Shouldn't Auto-Tiering Also Auto-Optimize?

Automated tiering, the ability to move data between different types of
storage within an array, is quickly becoming a popular feature of
advanced storage systems. While there is a focus on how these systems
will lower costs and increase performance, there is one feature that is
missing: the ability to auto-optimize.

Consider that systems that can auto-tier now have an understanding of
the data types at a sub-LUN level, and in most cases, a sub-file level.
With that knowledge, these systems should be able to compress segments
that have not been used for a given period of time. They clearly already
can move data based on that same knowledge, why not compress it while
you move it? In addition, they should also be able to compare these
sub-file segments to the segments already stored on disk and deduplicate
that data. Again with the meta-data that these arrays are capturing
about these segments they should be able to determine which segments
should be deduplicated and which should not. All that is needed is a
deduplication engine.

Users can reach a proximity of this today especially on NAS platforms.
There are data optimization products that can deduplicate and compress
primary storage in the background, and there are auto-tiering front ends
that can cache and accelerate NAS access. The critical component to make
this happen is that both products would need policy engines that can be
told what to accelerate and what to optimize.
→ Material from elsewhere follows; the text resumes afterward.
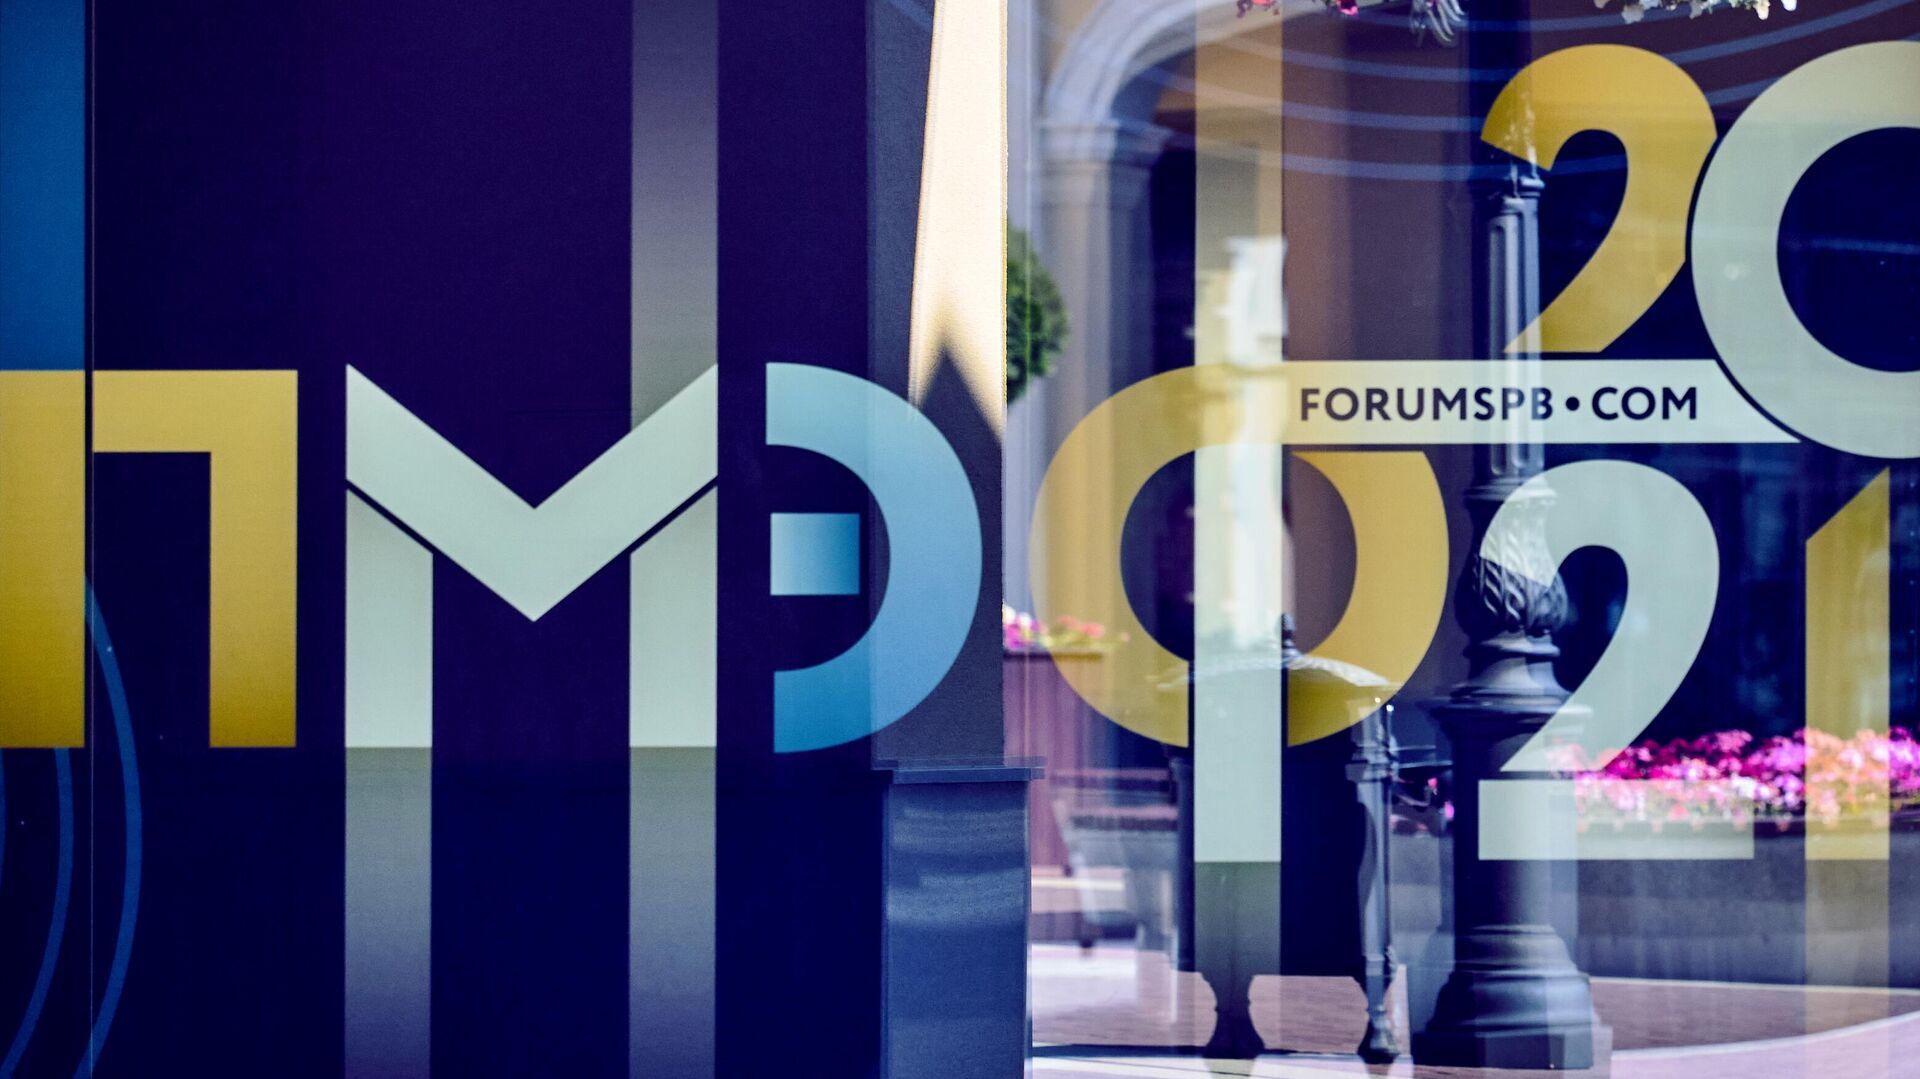 Логотип ПМЭФ-2021 в центре аккредитации №1 Петербургского международного экономического форума - 2021 в Санкт-Петербурге - РИА Новости, 1920, 01.06.2021

You would want the data
optimization product to only optimize data that has not been accessed
for a while and you would want the auto-tiering device to ignore or wait
for optimized data to be re-inflated before moving it into the cache.

As storage systems or the appliances we surround storage systems with
reach a finer grained understanding of the data they house, we should
expect more from them. The capabilities to auto-tier and auto-optimize
are just the beginning.